Autonomous mapping and exploration of planetary caves
Carnegie Mellon University, Robotics Institute Summer Scholars (RISS) Program
Advisor: Dr. William "Red" Whittaker
June 2012 - Aug. 2012
Abstract: Market-based task allocation has proven effective for multi-robot coordination in a number of past works. For such an approach, it is important to have a cost function that accurately represents each robot’s capabilities, which is especially challenging for heterogeneous teams. We propose a generic cost function that aims to learn robot capabilities during execution time for simple and accurate integration into arbitrary multi-robot systems. We implement this cost function on the TraderBots software platform by Carnegie Mellon University and show, through simulation, that the cost function balances task time, quality, workload, and success rate, as indicated by the user. Additionally, we apply it to an exploration mission for a real heterogeneous robotic team to demonstrate its practical usability.
[IEEE Aerospace Conference 2013 Publication, Bibtex]
[RISS Program Poster]
Multi-robot control for an autonomous shark-tracking AUV system
Princeton University Junior Independent Work
Advisor: Dr. Christopher M. Clark
Sept. 2011 - June 2012
Abstract: In this work, we present a decentralized controller for the tracking and following of mobile targets, specifically addressing considerations of: 1) not altering target behavior, 2) target states represented by multiple hypotheses, and 3) limited information from bearing-only sensors. The proposed controller drives a team of n robots to circumnavigate an arbitrary distribution of target points at a desired radius from the targets. The controller also dictates robot spacing around their circular trajectory by tracking a desired relative phase angle between neighbors. Simulation results show the functionality of the controller for arbitrary-sized teams and arbitrary stationary and moving particle distributions. Additionally, the controller was implemented on OceanServer Iver2 AUVs.

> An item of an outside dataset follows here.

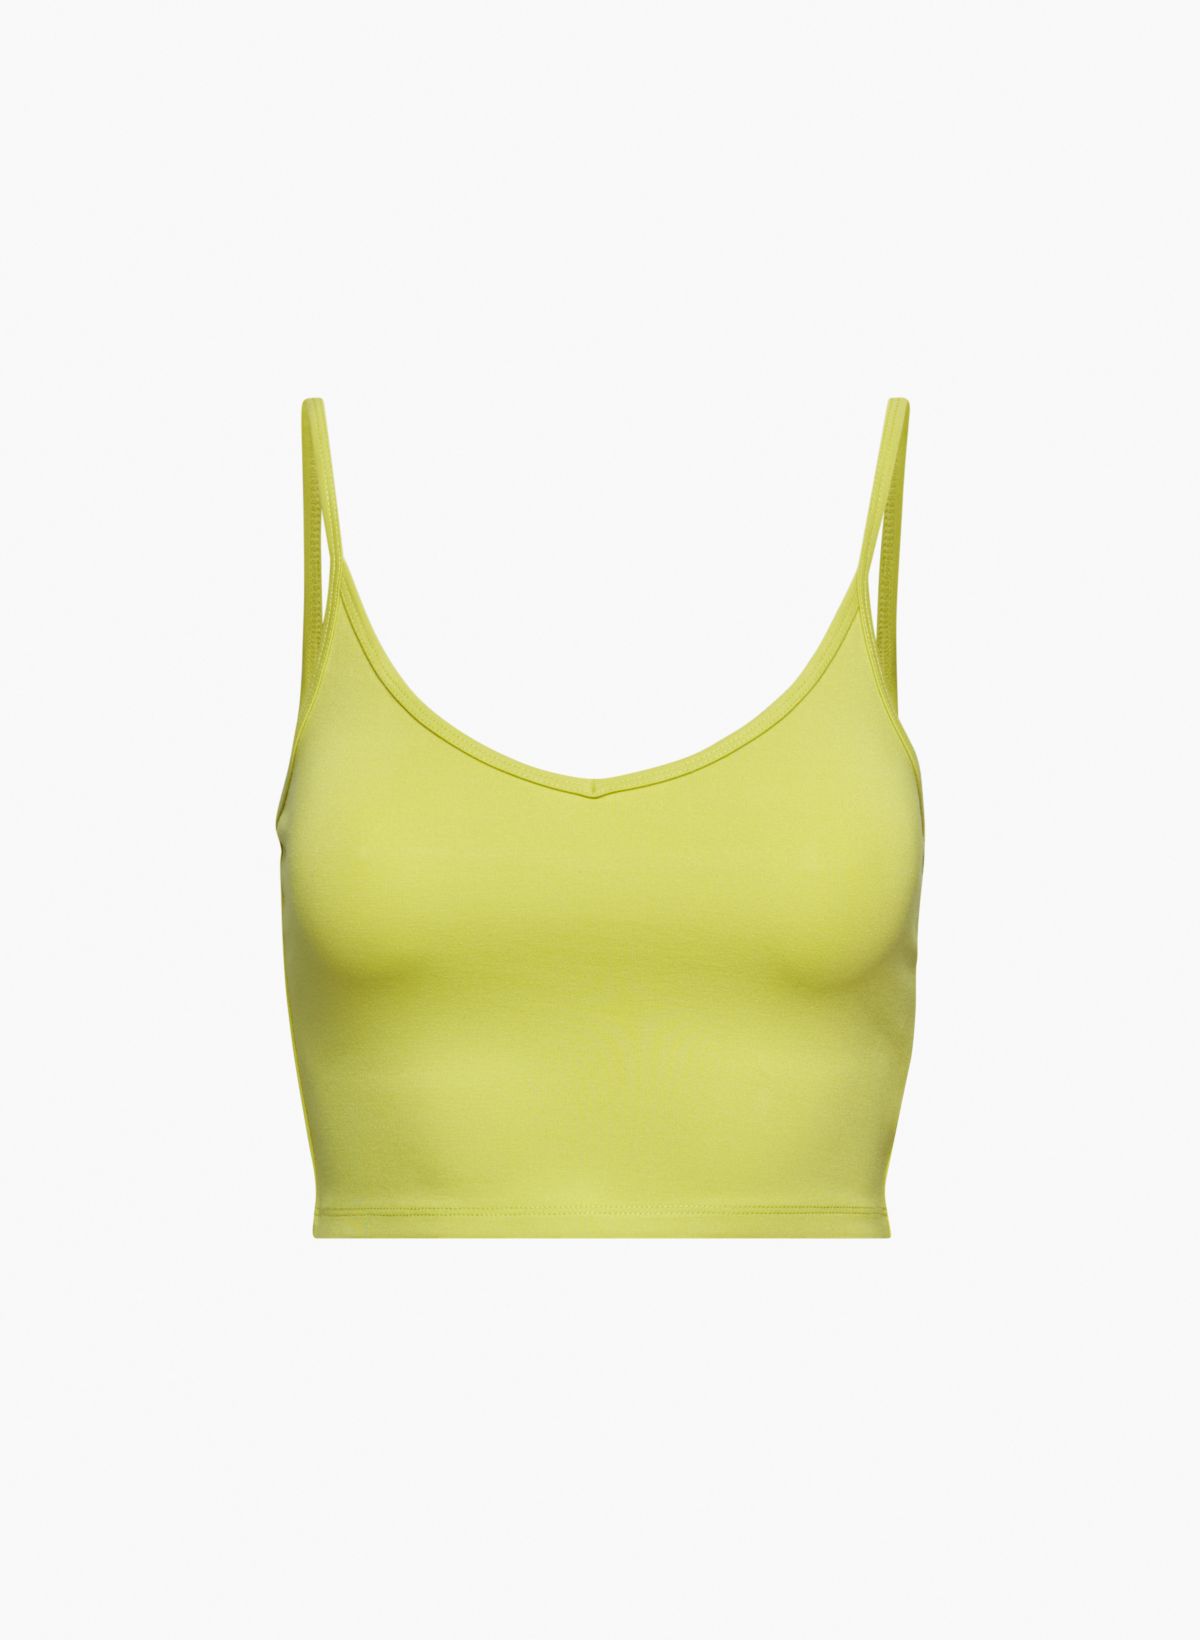 Braless Definition Tank Top -  Canada

Tracking results demonstrate the controller’s capability to track a desired radius as well as maintain phase with respect to a second AUV.
[ICRA 2013 Publication, Bibtex]
[DARS 2012 Publication, Bibtex]
Evaluation of local shape descriptors for 3D shape retrieval
National Institute of Standards and Technology, Summer Undergraduate Reseach Fellowship
Advisor: Afzal Godil, Dr. Isabel Beichl
June 2011 - Aug. 2011
Abstract: As the usage of 3D models increases, so does the importance of developing accurate 3D shape retrieval algorithms. A common approach is to calculate a shape descriptor for each object, which can then be compared to determine two objects’ similarity. However, these descriptors are often evaluated independently and on different datasets, making them difficult to compare. Using the SHREC 2011 Shape Retrieval Contest of Non-rigid 3D Watertight Meshes dataset, we systematically evaluate a collection of local shape descriptors. We apply each descriptor to the bag-of-words paradigm and assess the effects of varying the dictionary’s size and the number of sample points. In addition, several salient point detection methods are used to choose sample points; these methods are compared to each other and to random selection. Finally, information from two local descriptors is combined in two ways and changes in performance are investigated. This paper presents results of these experiments.
[SPIE 2012 Publication, Bibtex]
A Matlab simulation of speckle calibration for exoplanet detection
Princeton University, Boeing Summer Research Scholarship
Advisor: Dr. N. Jeremy Kasdin, Elizabeth Young
June 2010 - Aug. 2010
Description: A major challenge in the detection of exoplanets is the existence of speckles in the image, which highly resemble that of the planet. A proposed solution is to use the fact that the starlight from which the speckles originate is incoherent with the planet light. Thus, changing the optical layout will cause an interference with the speckles in the image while the planet light remains unchanged, allowing them to be differentiated. In my work this summer, I coded and presented Matlab simulations of two proposed ideas of how to realize this technique.